▸ **DATASET SECTION**
........

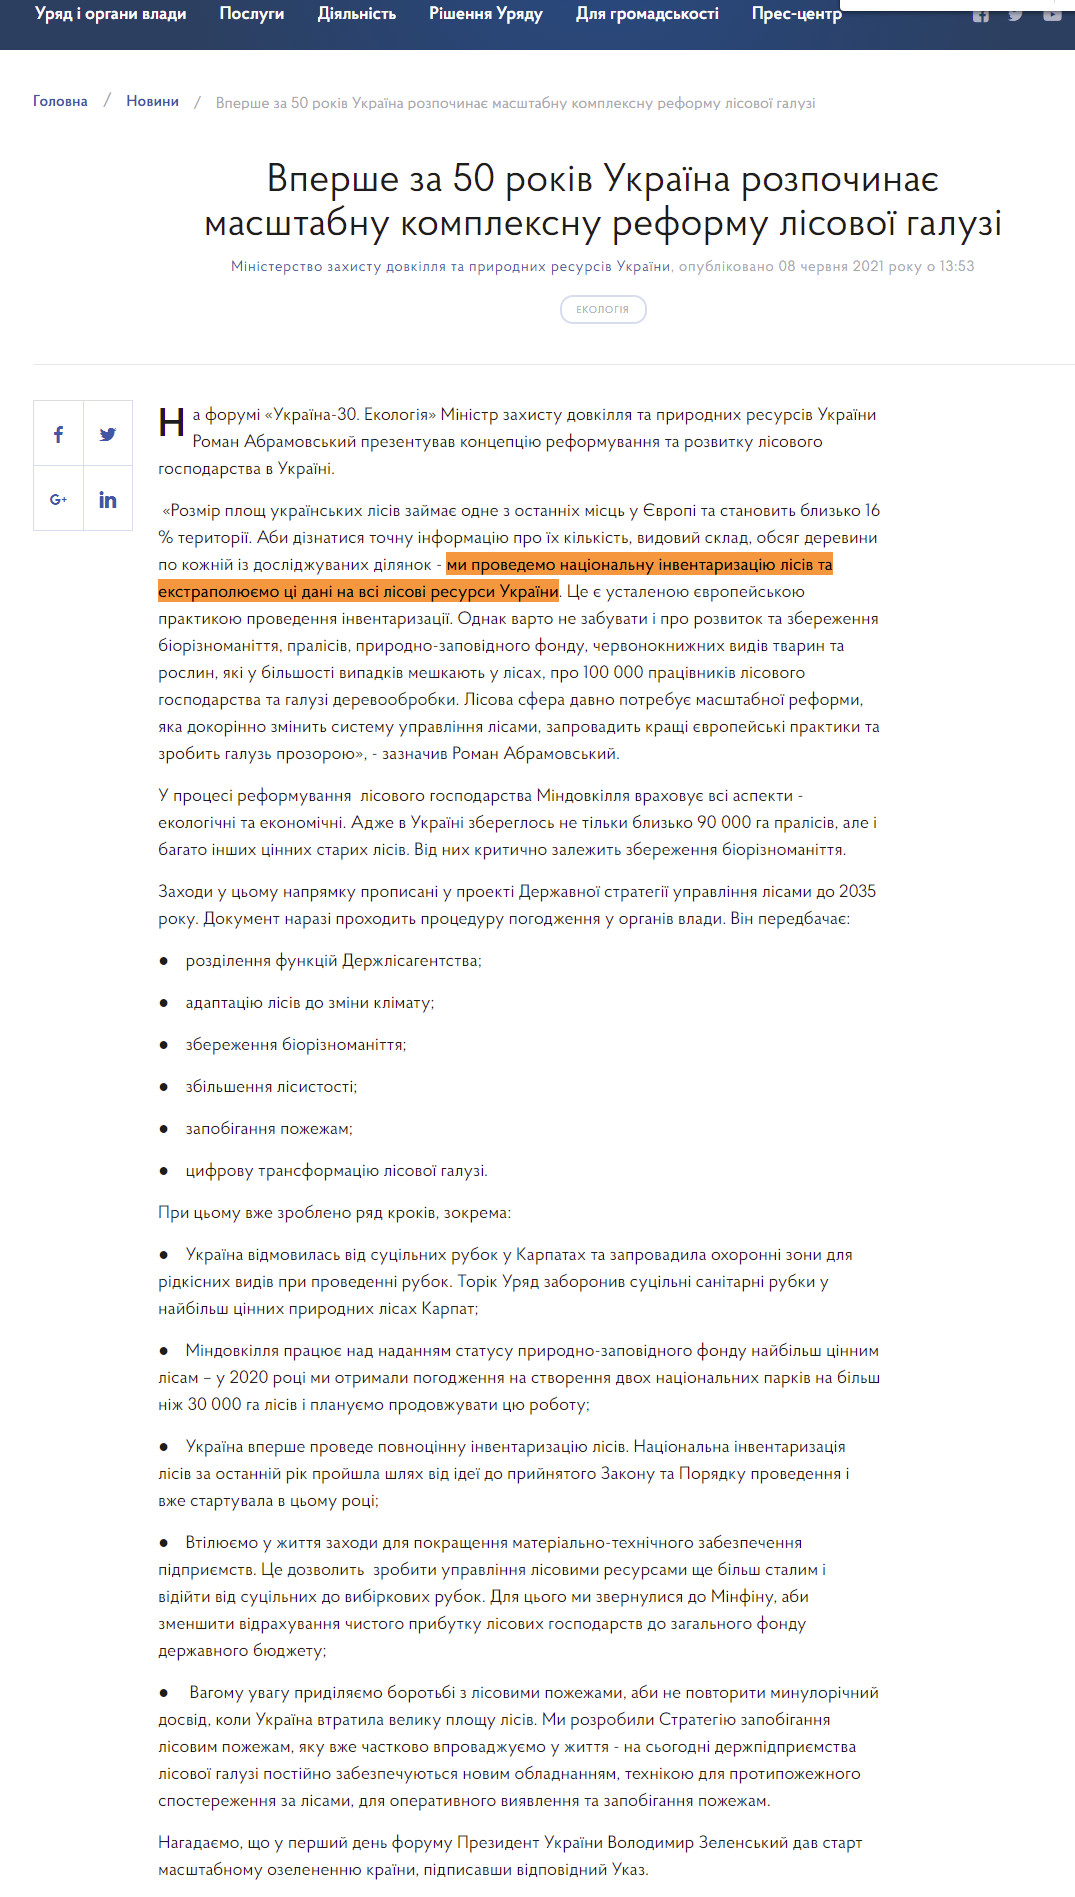 https://www.kmu.gov.ua/news/vpershe-za-50-rokiv-ukrayina-rozpochinaye-masshtabnu-kompleksnu-reformu-lisovoyi-galuzi
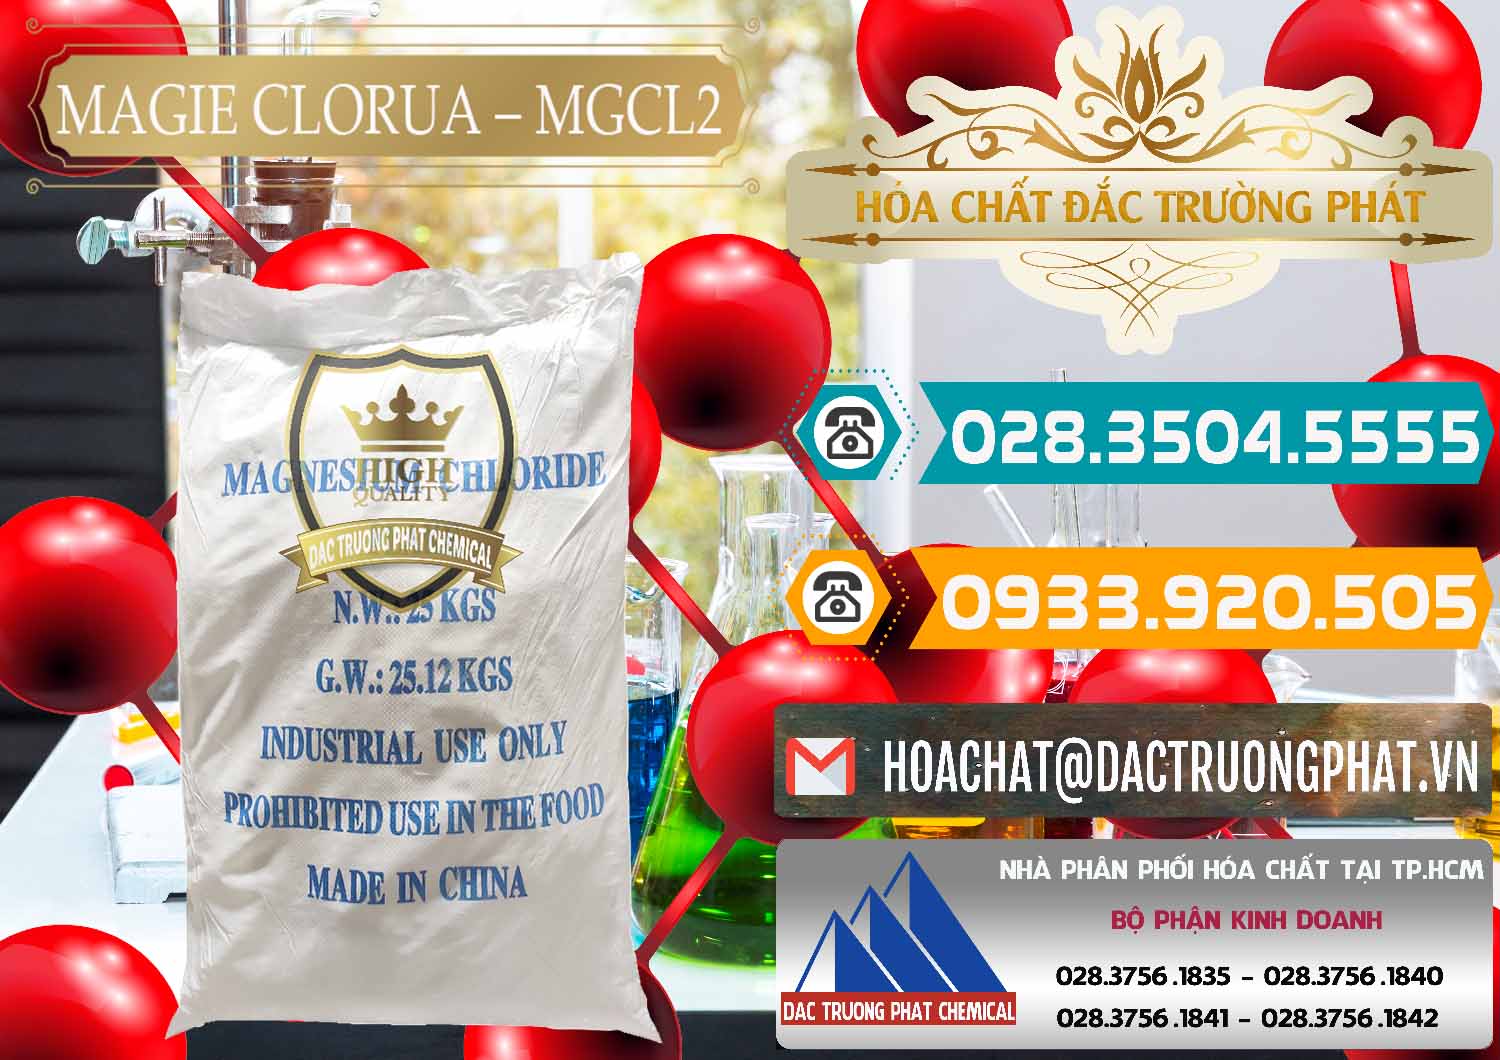 Đơn vị nhập khẩu _ bán Magie Clorua – MGCL2 96% Dạng Vảy Trung Quốc China - 0091 - Cty chuyên cung cấp ( bán ) hóa chất tại TP.HCM - congtyhoachat.vn
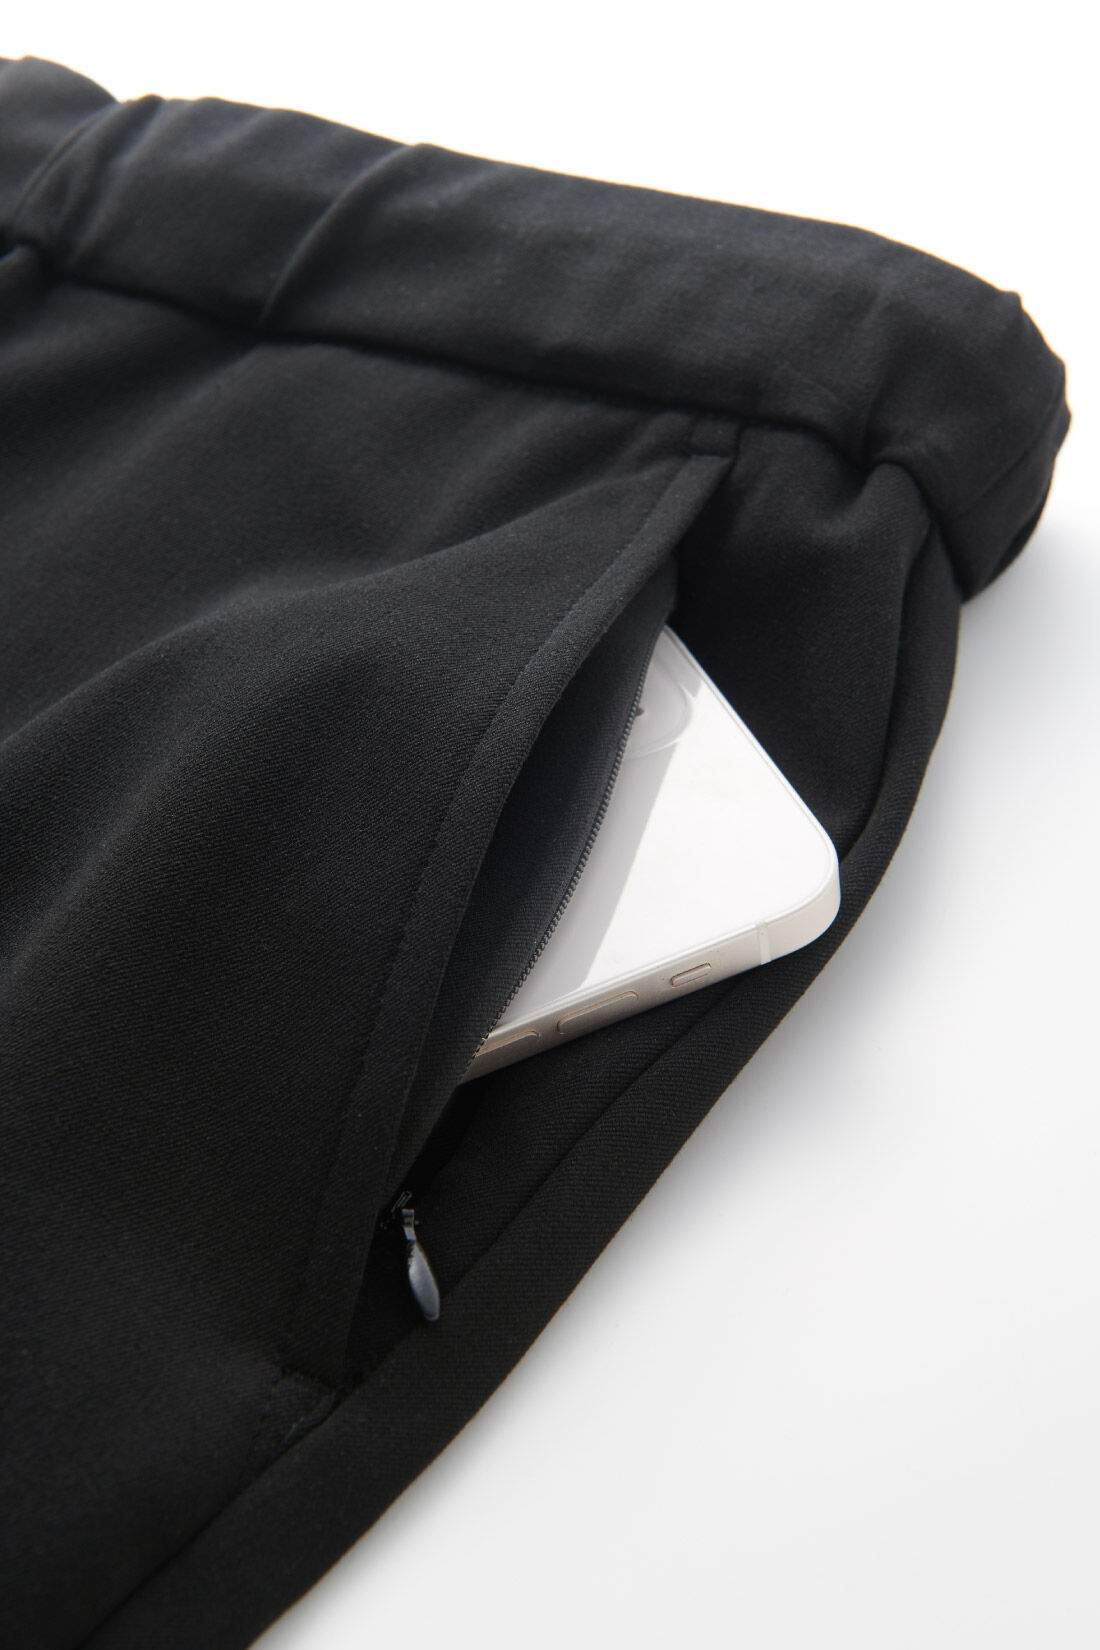 IEDIT[イディット]　いつまでもキレイな黒が続く 純黒プルオンスマートテーパードメンズパンツ〈ブラック〉|フロントサイドの左側ポケットには、スマホを入れるのにぴったりなファスナー仕様の隠しポケット付き。
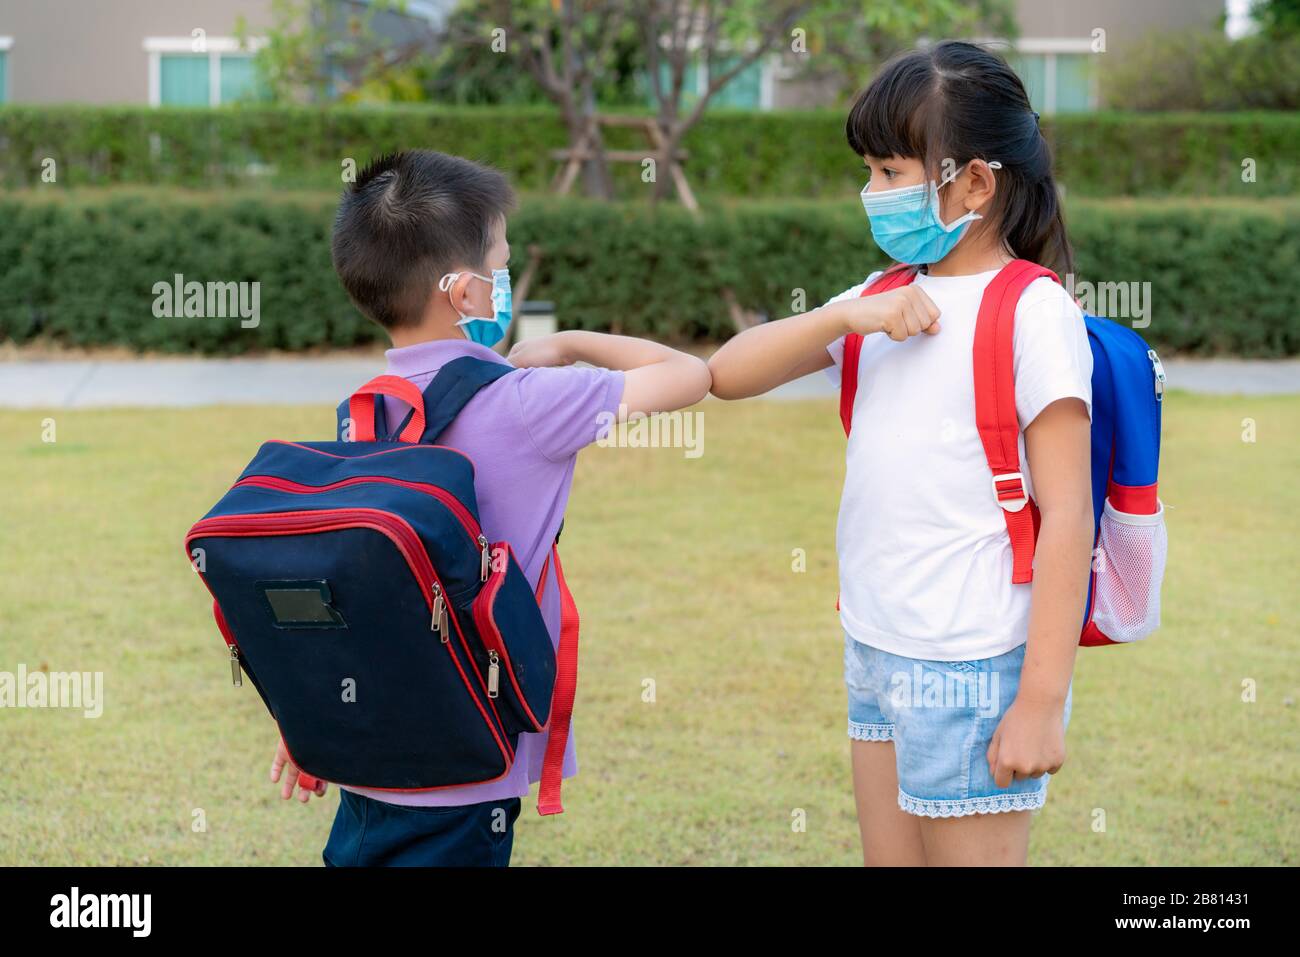 Gomito bump è nuovo saluto per evitare la diffusione di coronavirus. Due bambini asiatici amici prescolare si incontrano nel parco della scuola a mani nude. Estea Foto Stock

........

▸ **EXERCISE DIRECTIONS**
What is needed here is an exact repetition of the listing above, pictures excluded.

▸ **SOLUTION TO THIS TASK**
 https://www.kmu.gov.ua/news/vpershe-za-50-rokiv-ukrayina-rozpochinaye-masshtabnu-kompleksnu-reformu-lisovoyi-galuzi
 Đơn vị nhập khẩu _ bán Magie Clorua – MGCL2 96% Dạng Vảy Trung Quốc China - 0091 - Cty chuyên cung cấp ( bán ) hóa chất tại TP.HCM - congtyhoachat.vn
 IEDIT[イディット]　いつまでもキレイな黒が続く 純黒プルオンスマートテーパードメンズパンツ〈ブラック〉|フロントサイドの左側ポケットには、スマホを入れるのにぴったりなファスナー仕様の隠しポケット付き。
 Gomito bump è nuovo saluto per evitare la diffusione di coronavirus. Due bambini asiatici amici prescolare si incontrano nel parco della scuola a mani nude. Estea Foto Stock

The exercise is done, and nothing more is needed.